(Items listed in a dataset)
>>>
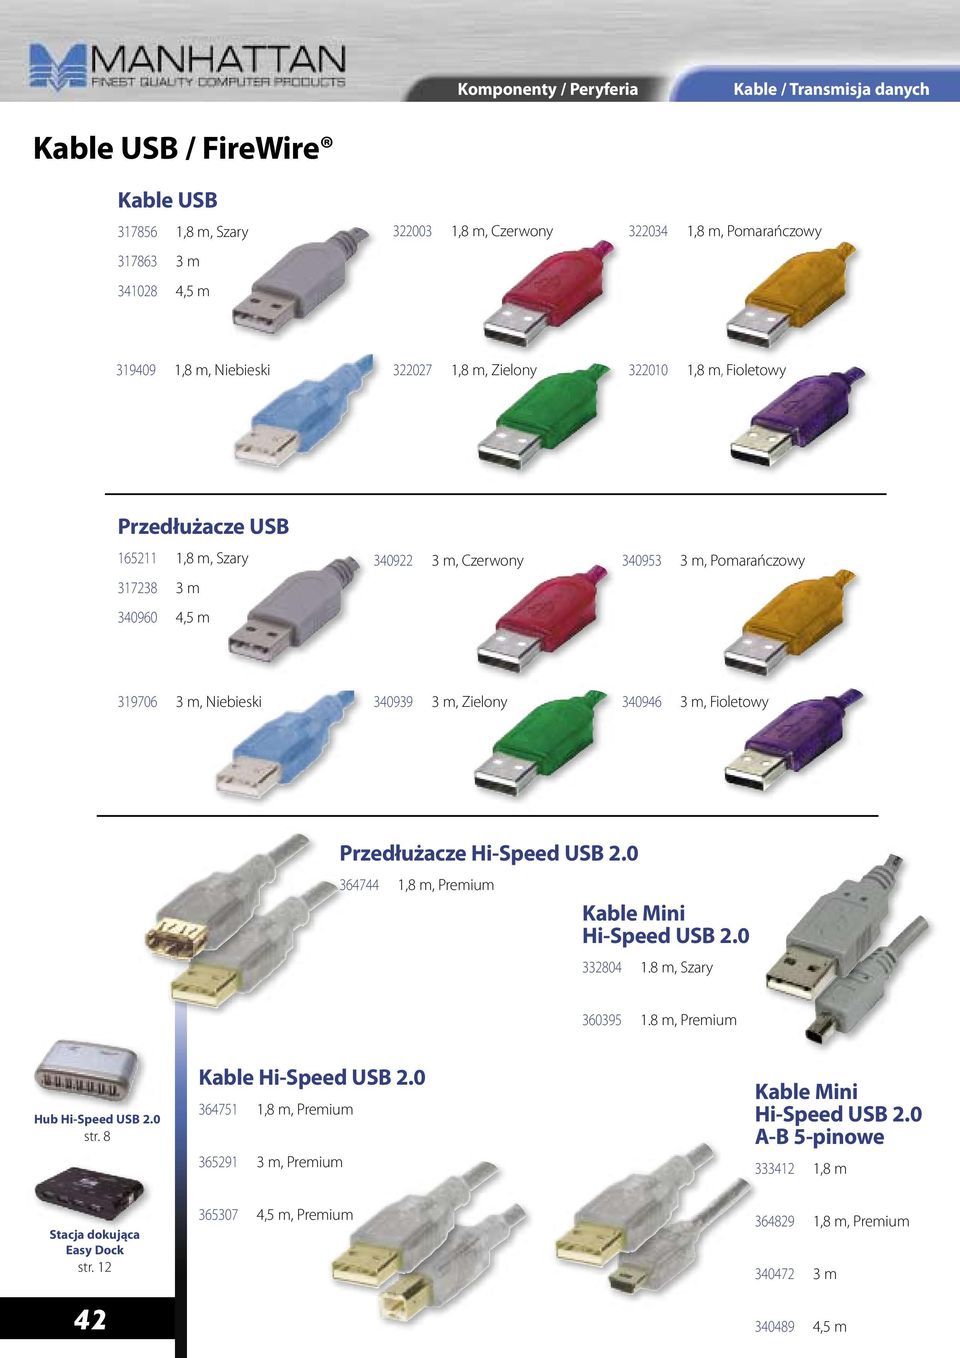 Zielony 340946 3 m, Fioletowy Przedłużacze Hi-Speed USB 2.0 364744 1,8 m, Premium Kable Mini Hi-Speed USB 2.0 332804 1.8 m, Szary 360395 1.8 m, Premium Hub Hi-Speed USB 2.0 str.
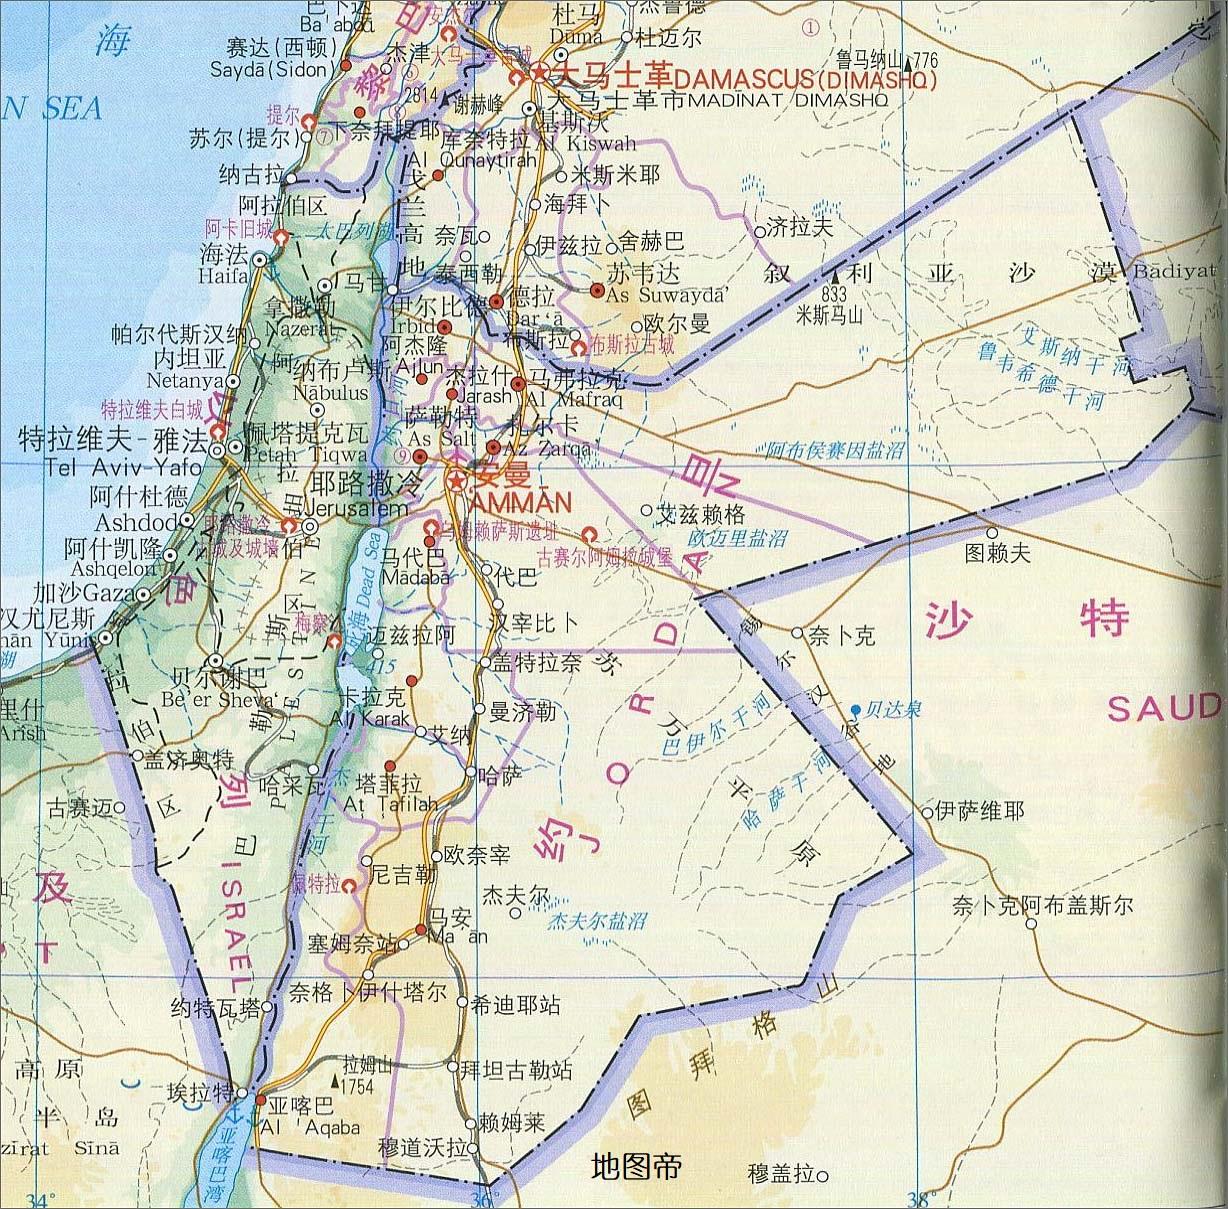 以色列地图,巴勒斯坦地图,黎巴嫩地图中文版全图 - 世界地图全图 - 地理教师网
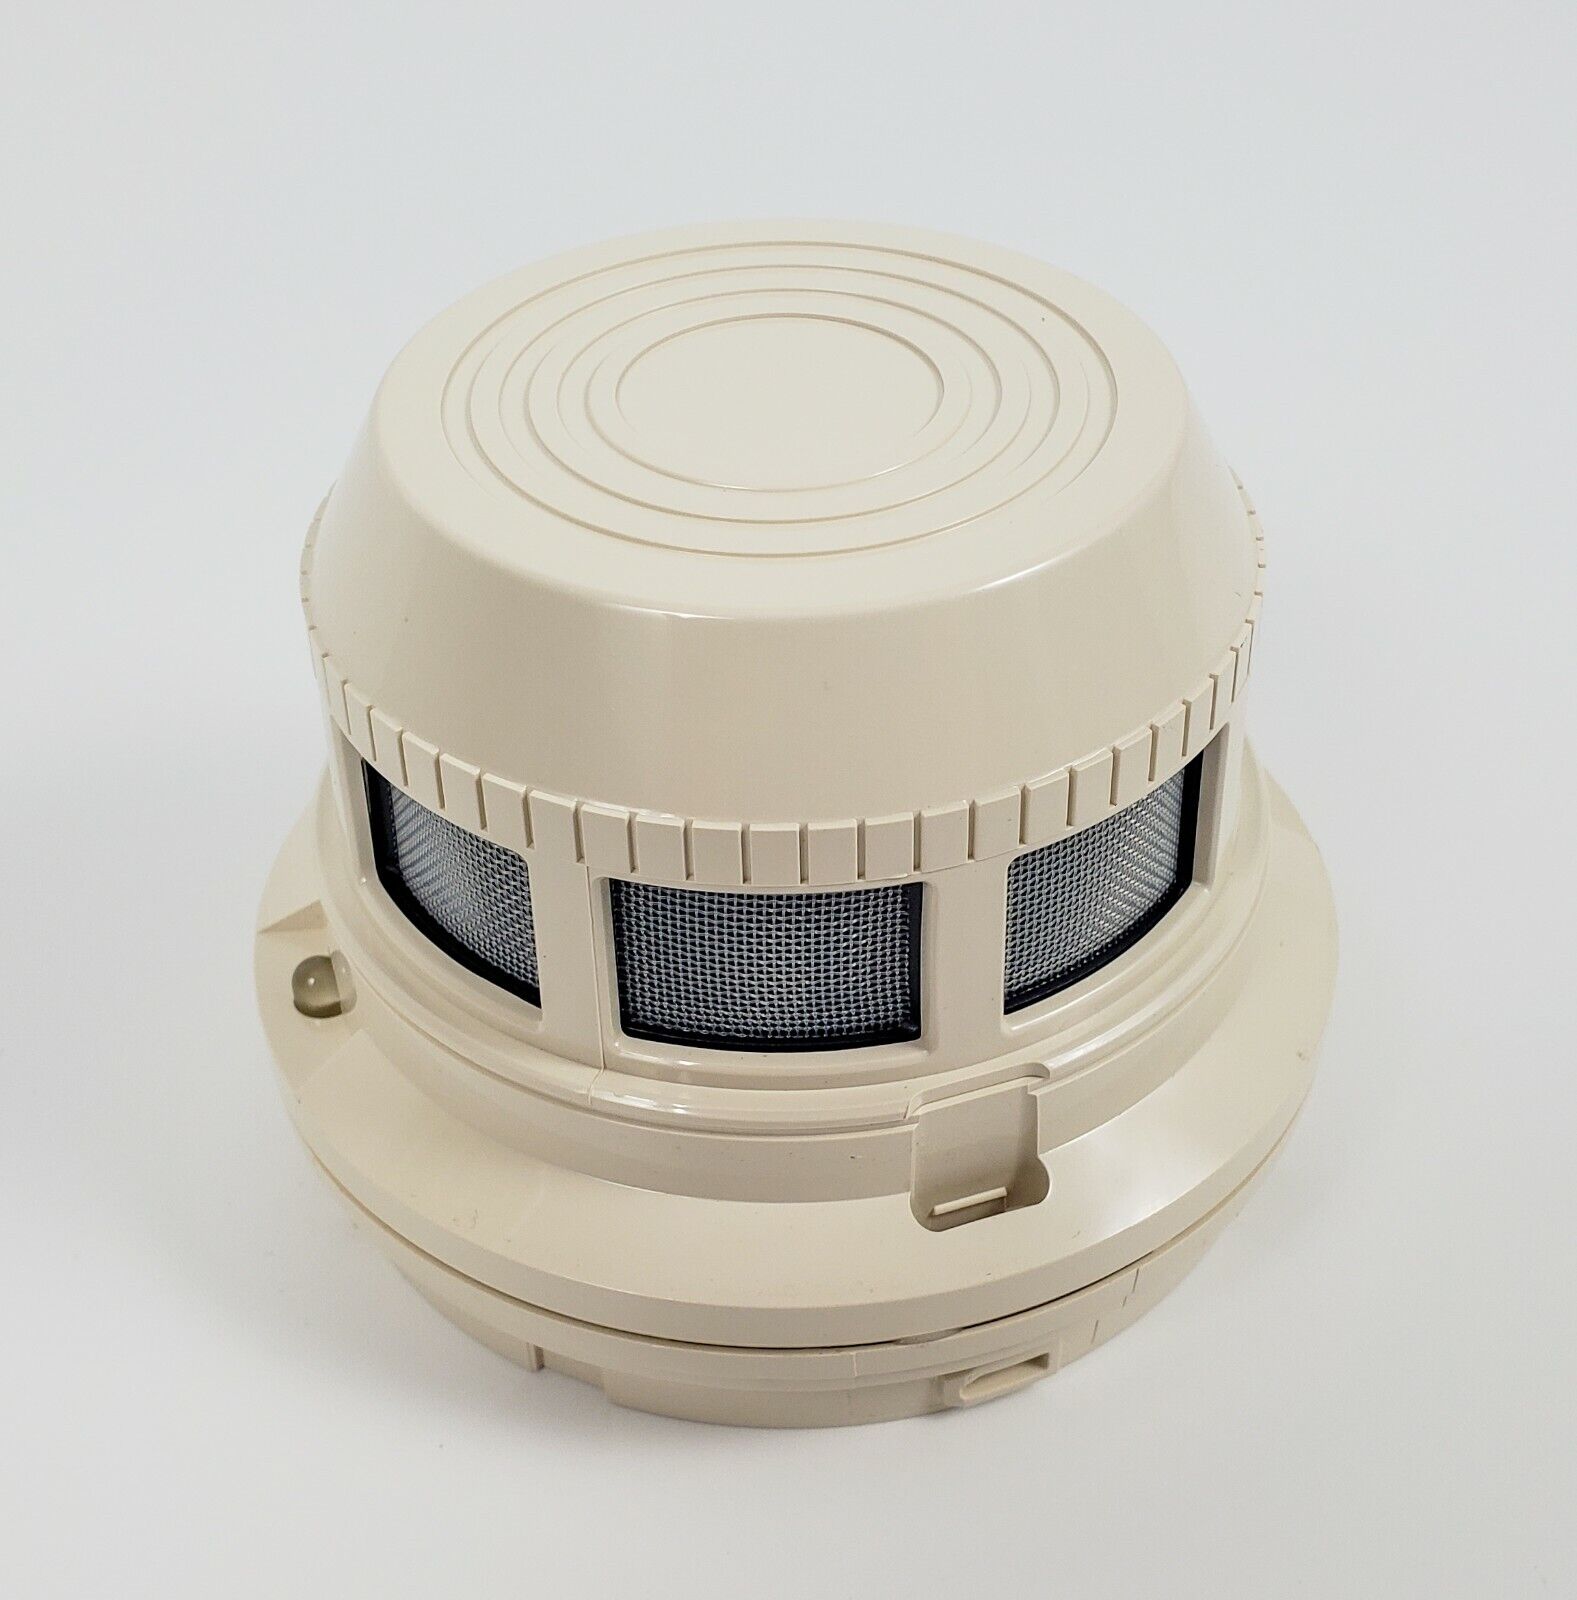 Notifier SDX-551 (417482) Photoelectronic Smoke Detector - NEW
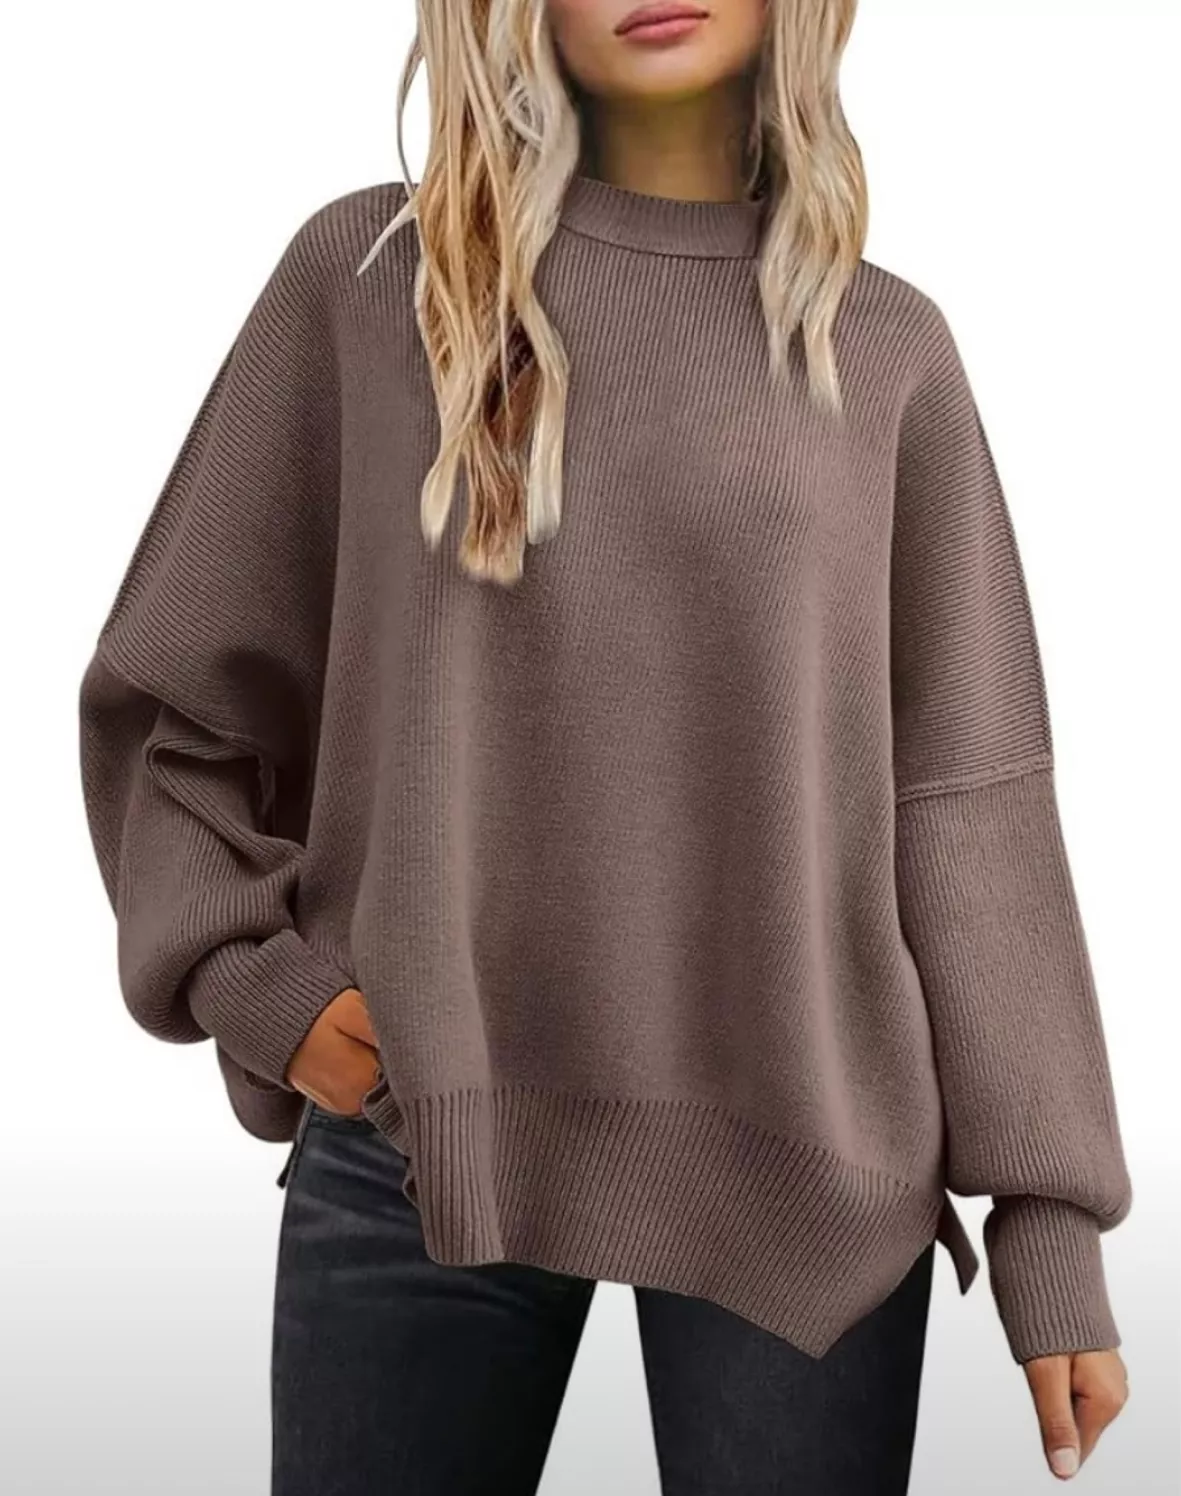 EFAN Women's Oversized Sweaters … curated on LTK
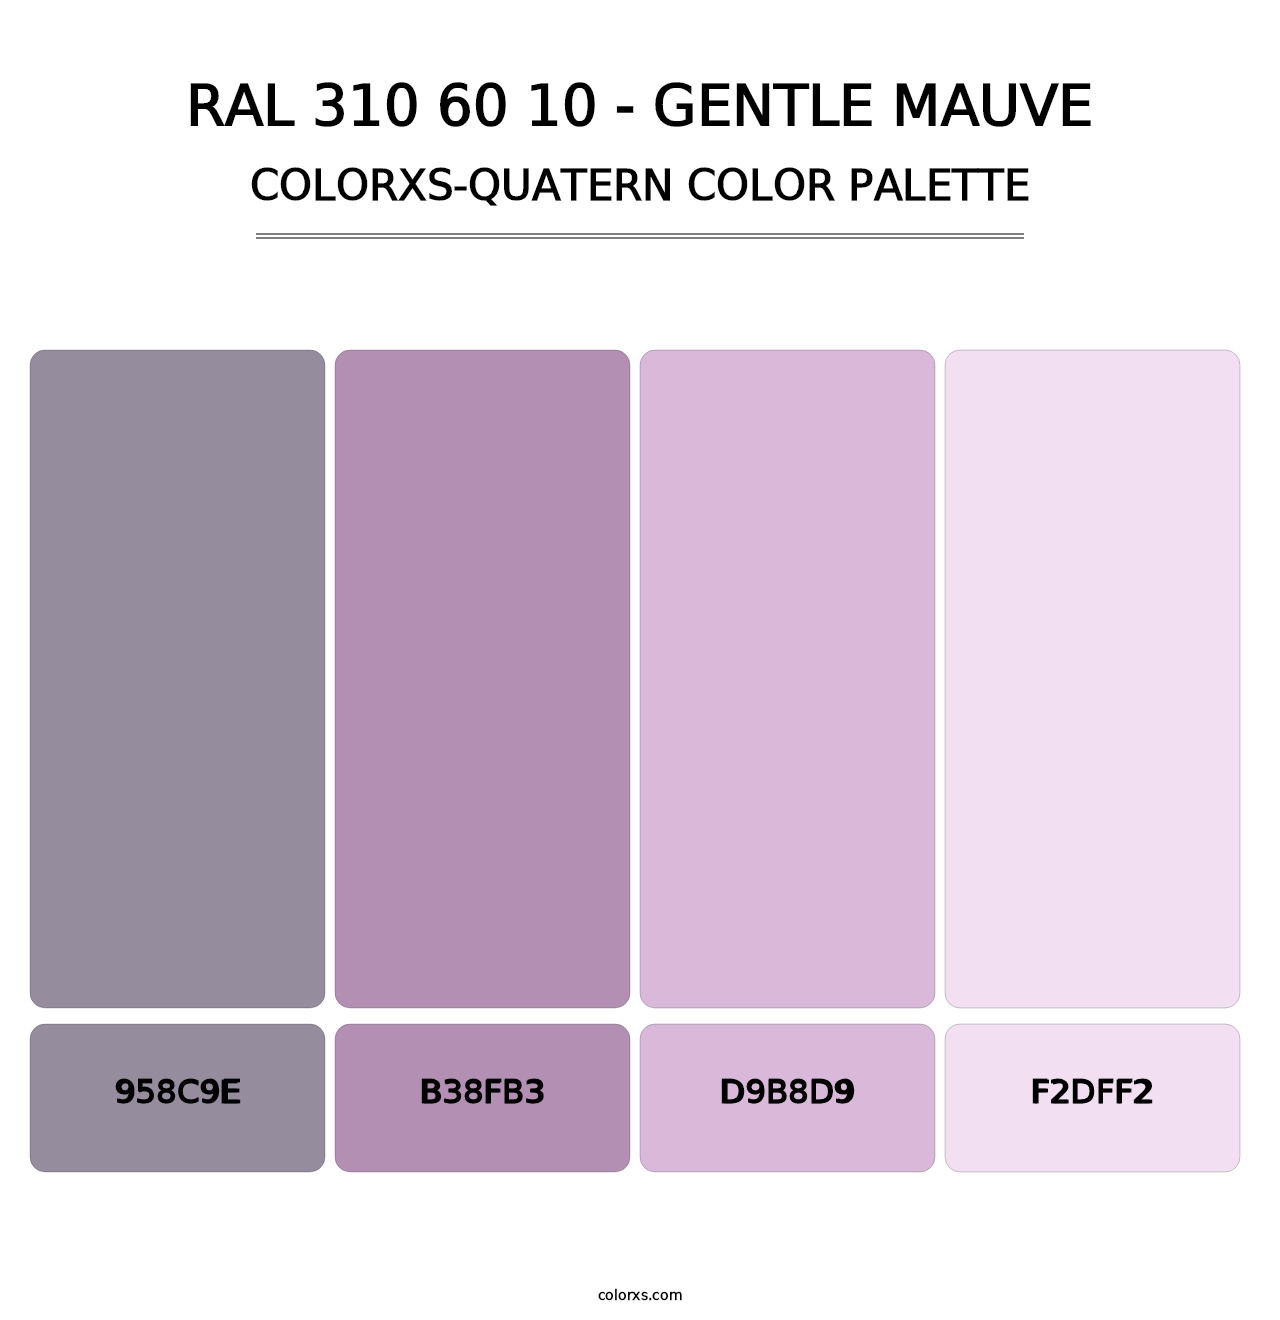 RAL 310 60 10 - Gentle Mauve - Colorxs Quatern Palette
<<<
What to produce – Pictures stay out. Repeat only the lines from the beginning of the data through the line that has "Notifier SDX-551 (417482)".

Task answer –
 Zielony 340946 3 m, Fioletowy Przedłużacze Hi-Speed USB 2.0 364744 1,8 m, Premium Kable Mini Hi-Speed USB 2.0 332804 1.8 m, Szary 360395 1.8 m, Premium Hub Hi-Speed USB 2.0 str.
 以色列地图,巴勒斯坦地图,黎巴嫩地图中文版全图 - 世界地图全图 - 地理教师网
 Notifier SDX-551 (417482) Photoelectronic Smoke Detector - NEW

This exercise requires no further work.